Last week my environmental collaboration class discussed how the daily bombardment of information from multiple social platforms creates slactivists. These slactivists have so many different causes streaming into their consciousness daily that they halfheartedly support issues by liking or sharing them on Facebook for example. How in this age can we create campaigns, community planning platforms, or explain systems in a way that drive people to participate and stay actively involved?
We do this, as the reading suggests, by showing and not telling them. In the same environmental collaboration class our group has been tasked with submitting to the city of Nederland new planning methods that more effectively engage the community than the policies currently in place. At this moment citizen involvement in Nederland is poorly accomplished through town meetings, which from what we have gathered, consist of a dry reading of proposed policy changes and projects. Town officials simply tell the few citizens who attend what is going on in the town, and have recognized that this is an ineffective way to communicate information.

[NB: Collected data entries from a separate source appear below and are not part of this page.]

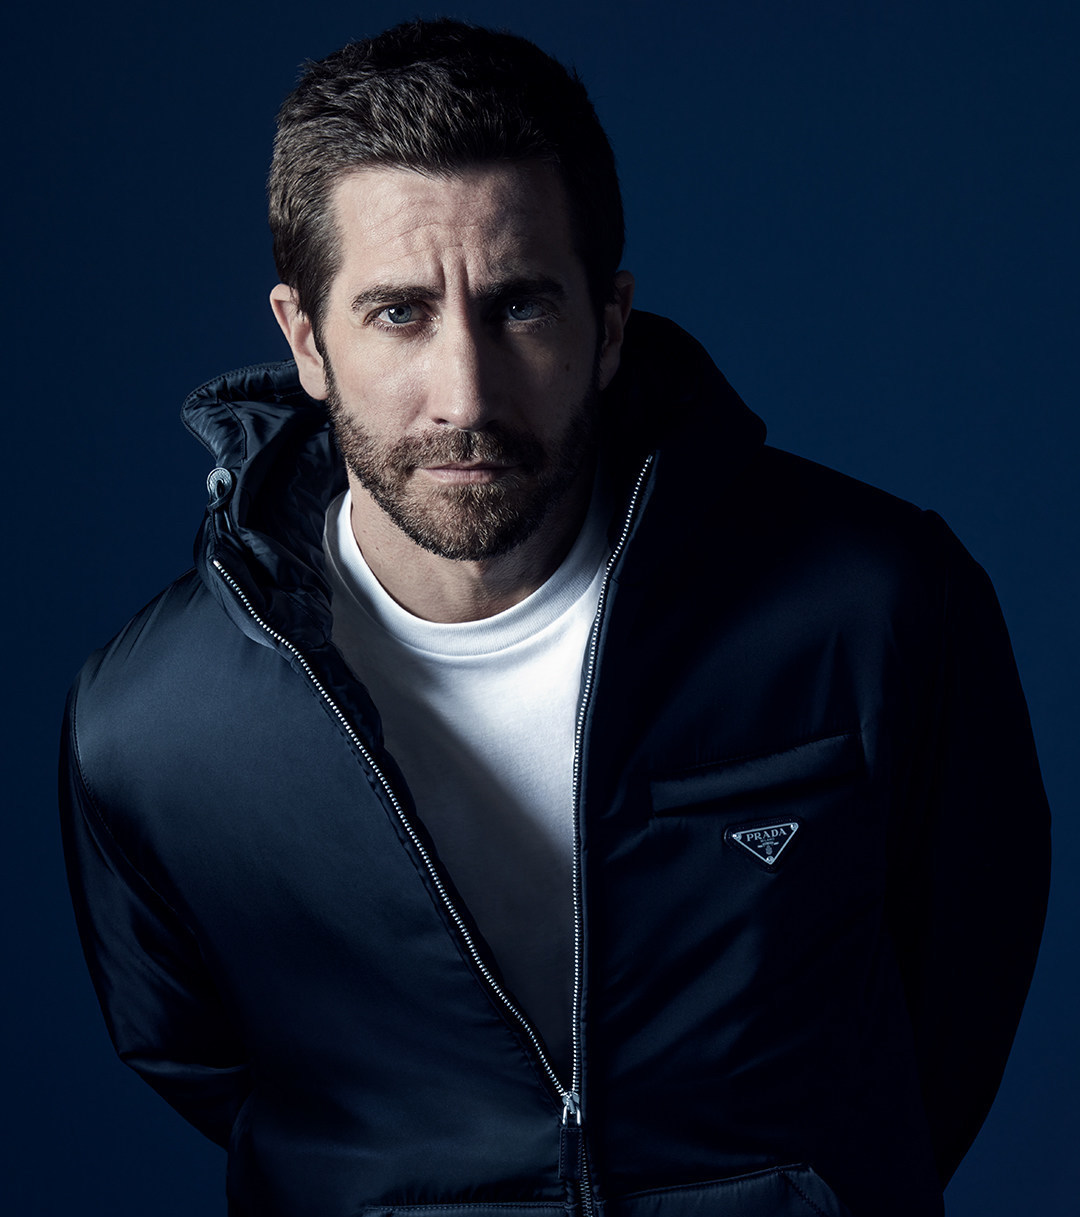 Prada-Jake-Gyllenhaal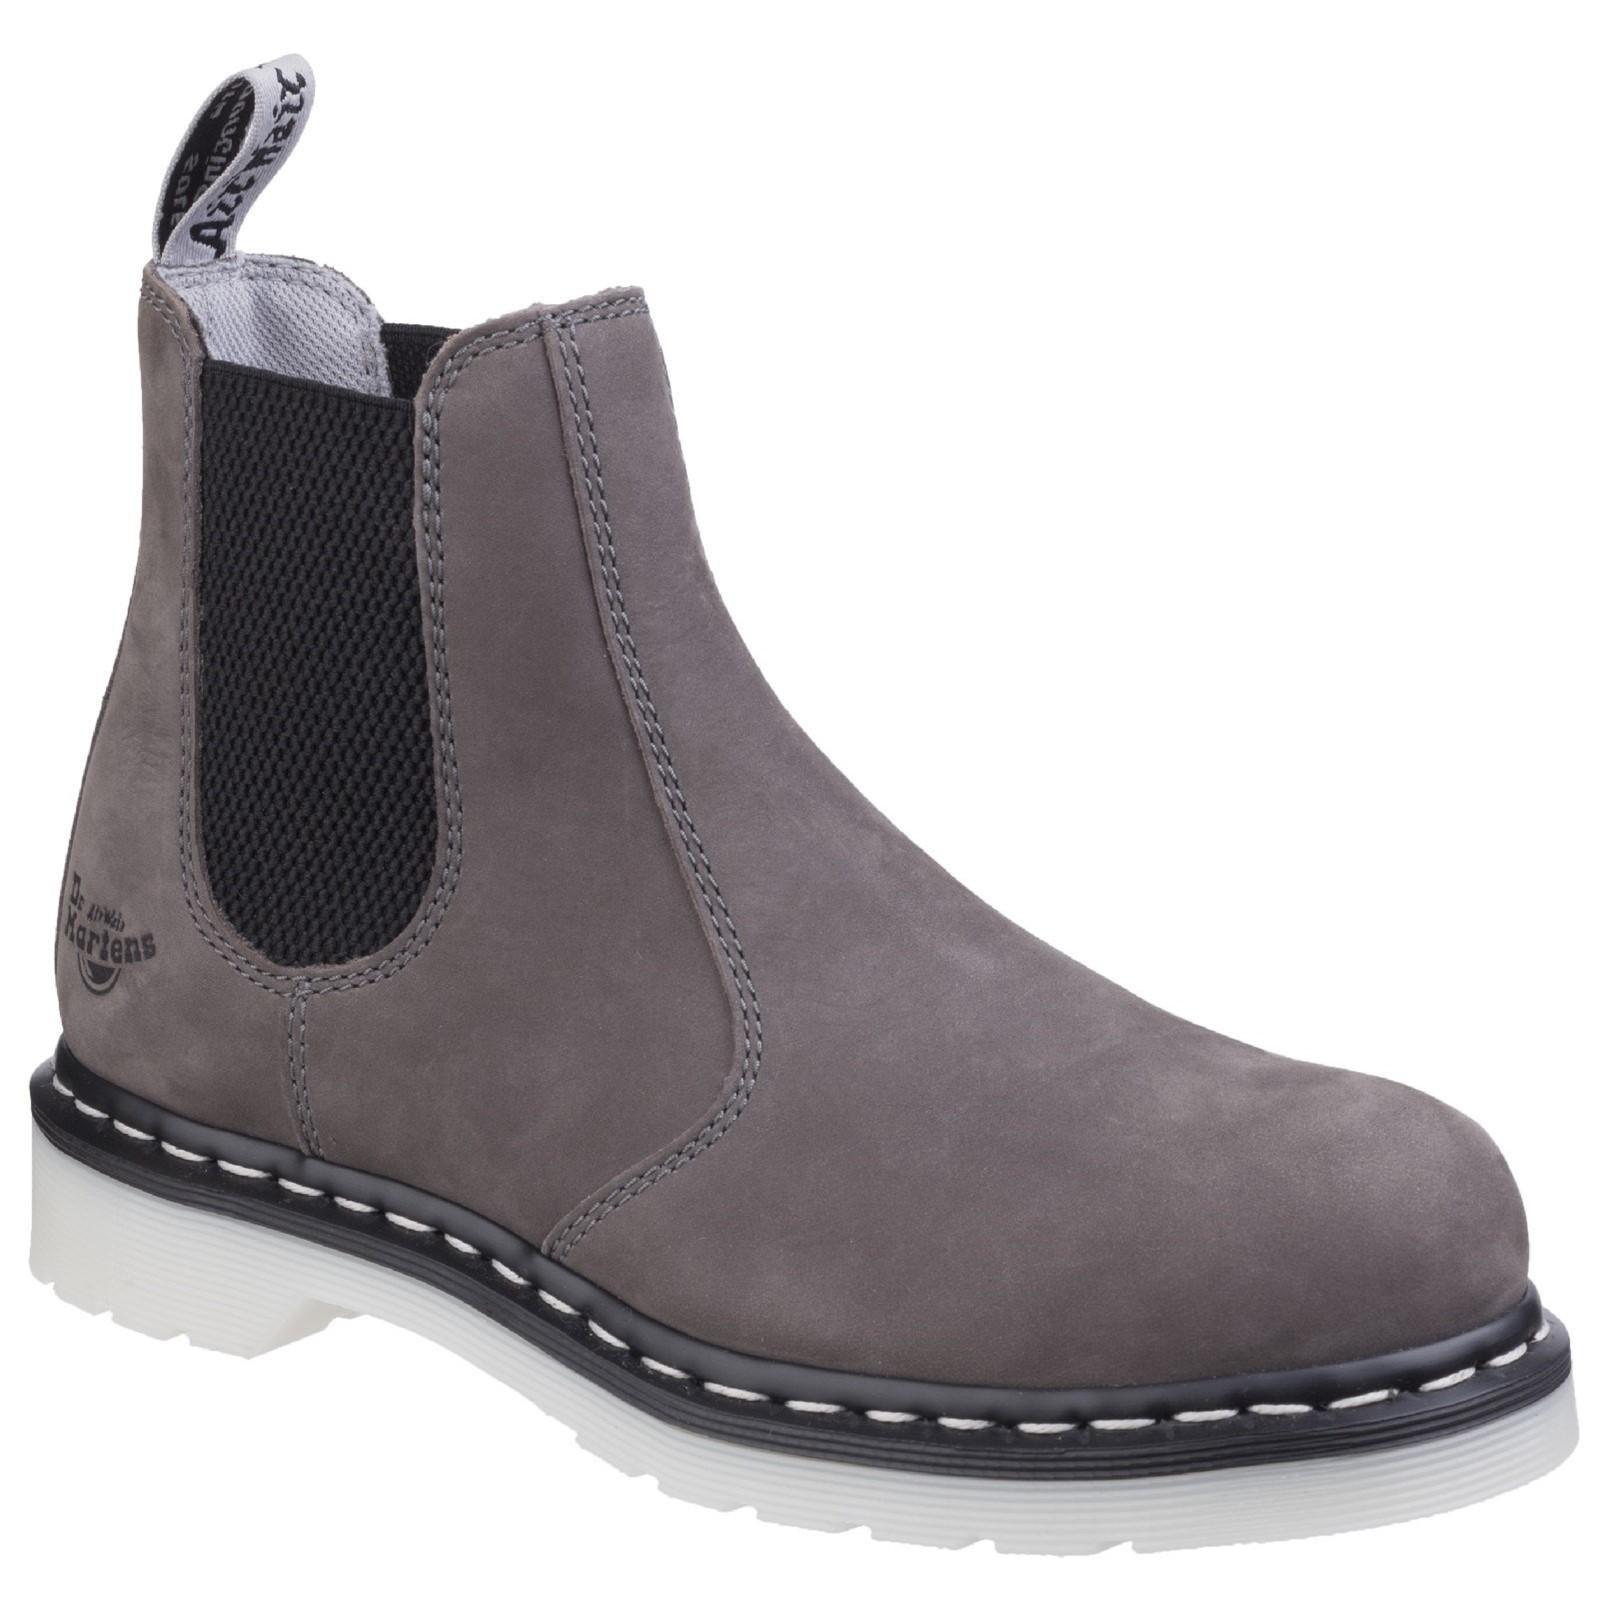 Dr. Martens Women's Arbor Steel Toe Light Industry Boots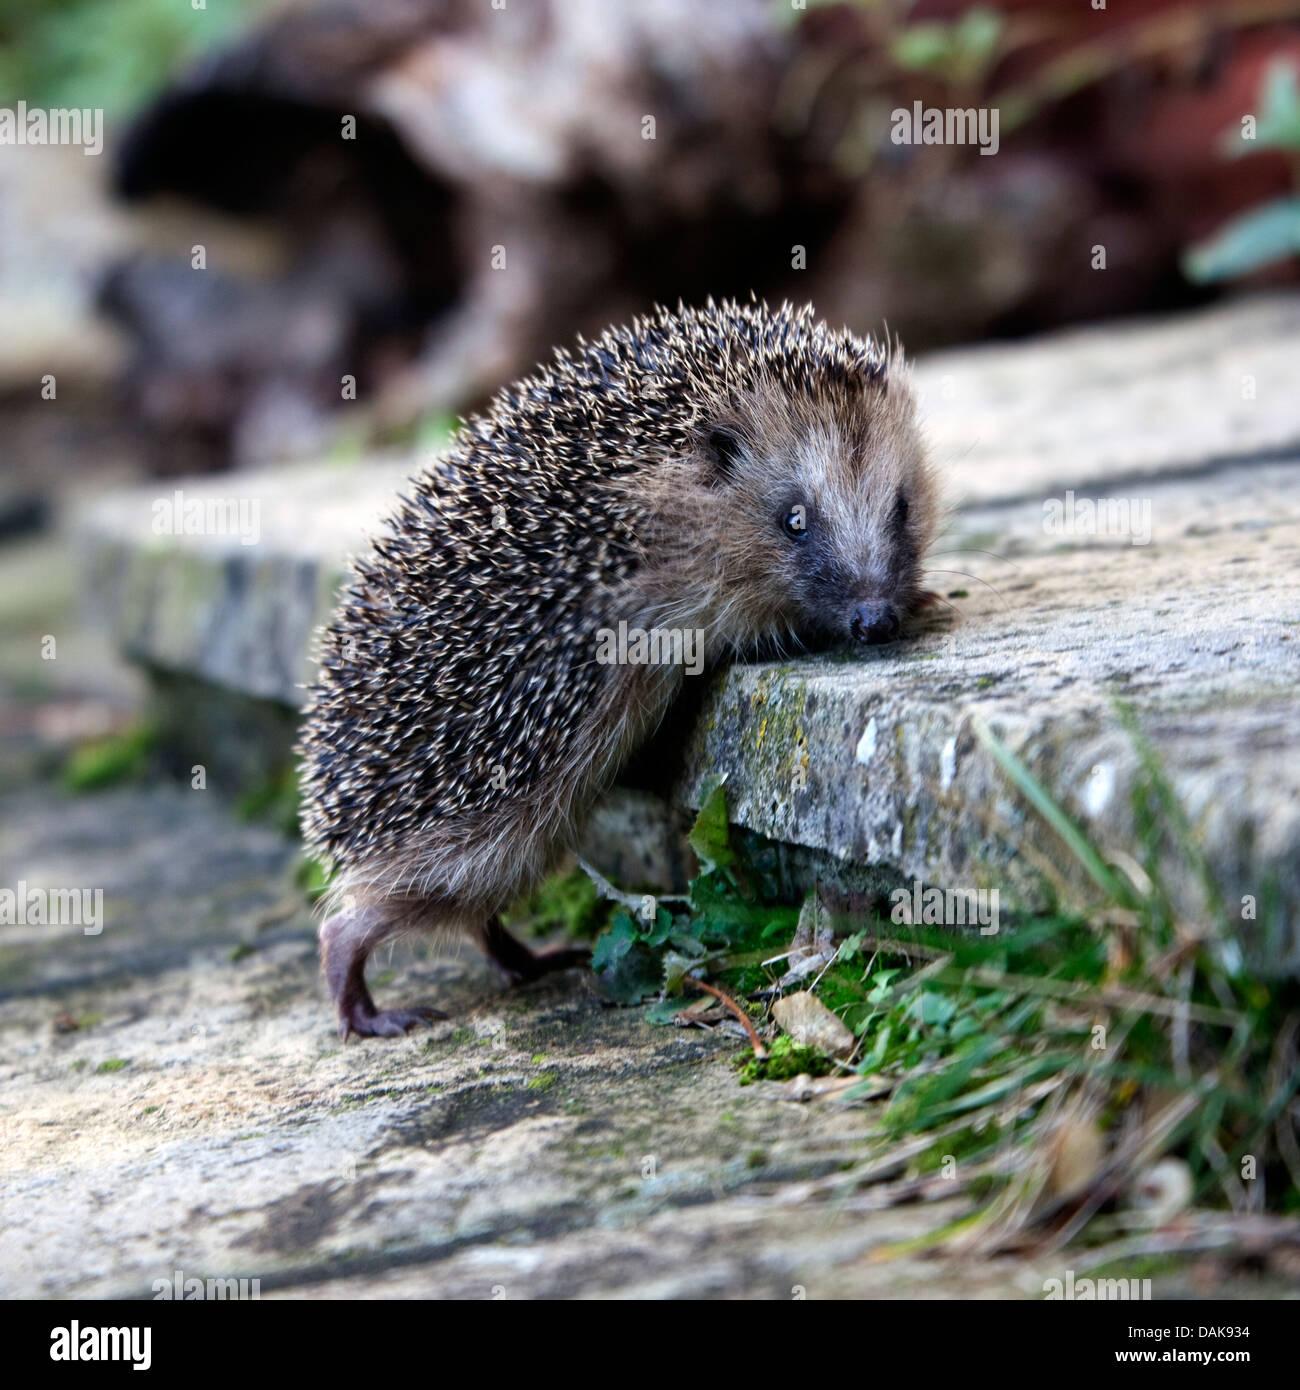 European hedgehog climbing garden steps - Stock Image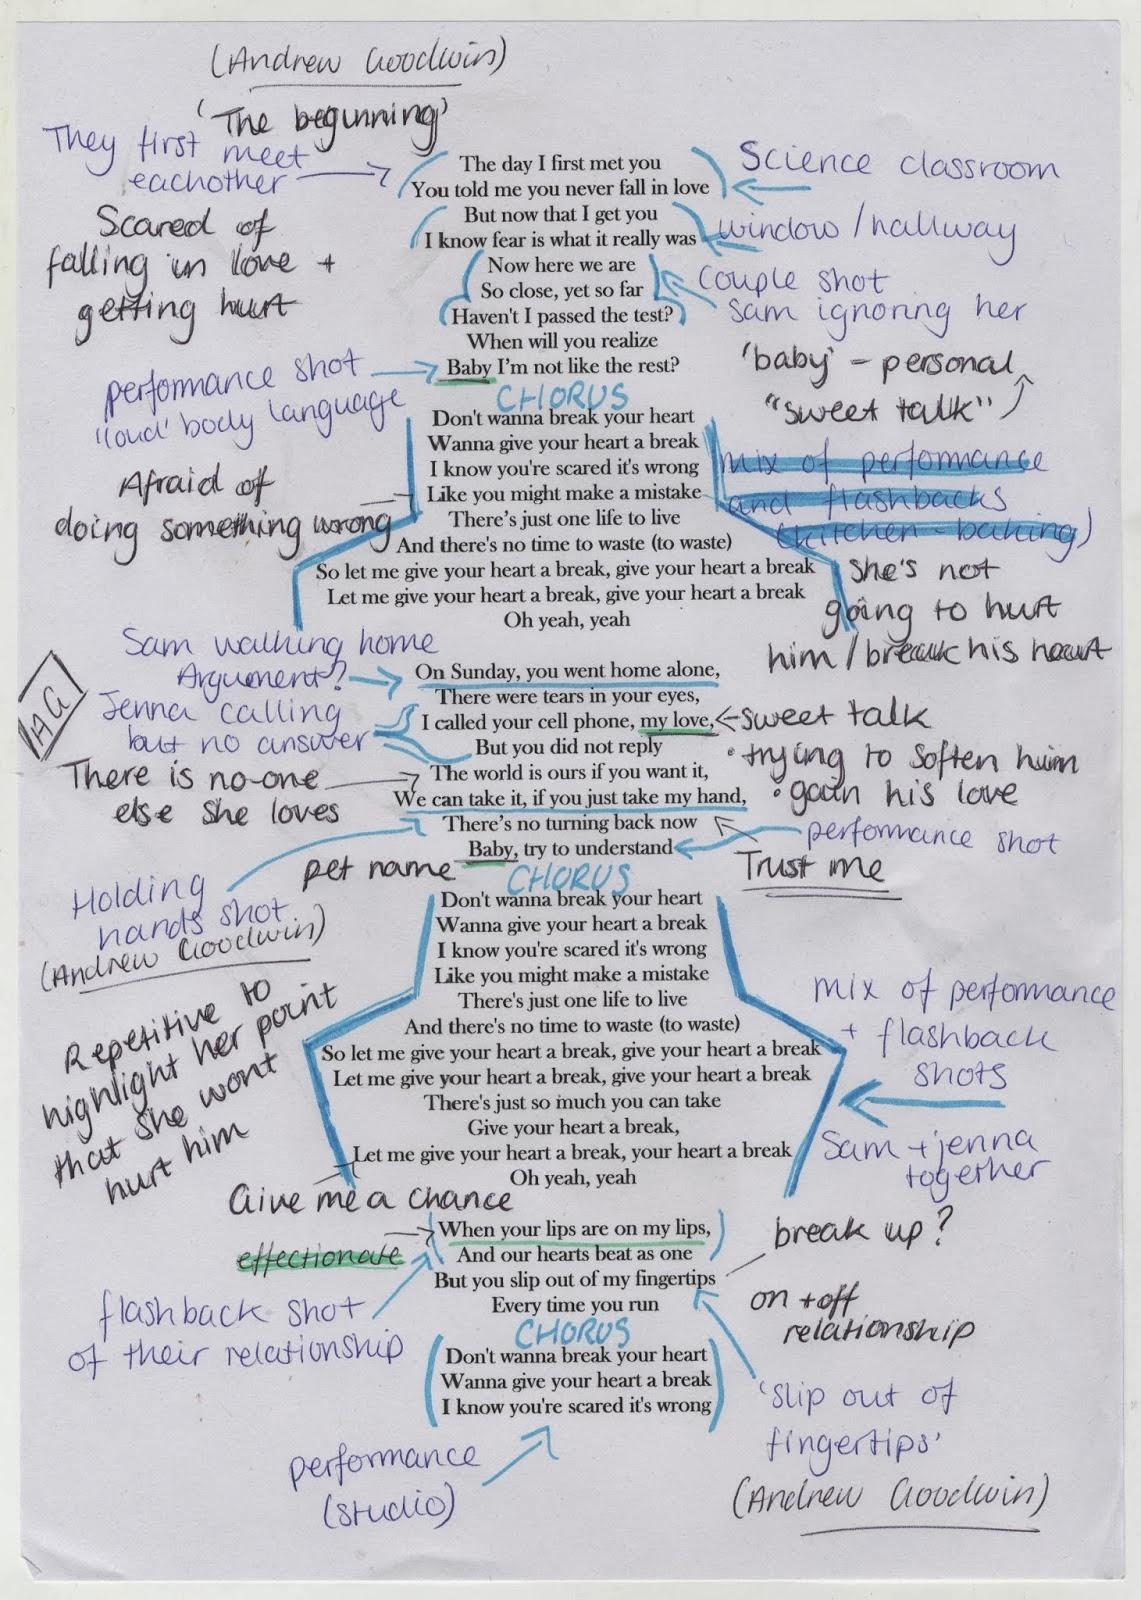 a2 hannah clorley media blog analysis of song lyrics task 13. Black Bedroom Furniture Sets. Home Design Ideas

My group specifically has found a new method for encouraging more participation in community planning through a process called "Have Your Say Days." These are community events held throughout the week that visualize different aspects of the community planning process through maps, vision boards, paintings, pictures, music, etc. We hope that by displaying important information in a way that is more attractive to the human brain than simply talking at people during boring town meetings, more community engagement will result.
Question: When you are creating information that will be presented to a group do you ever consider what it will look like from the audiences perspective, and whether or not your work would seem interesting, interactive, and engaging to yourself?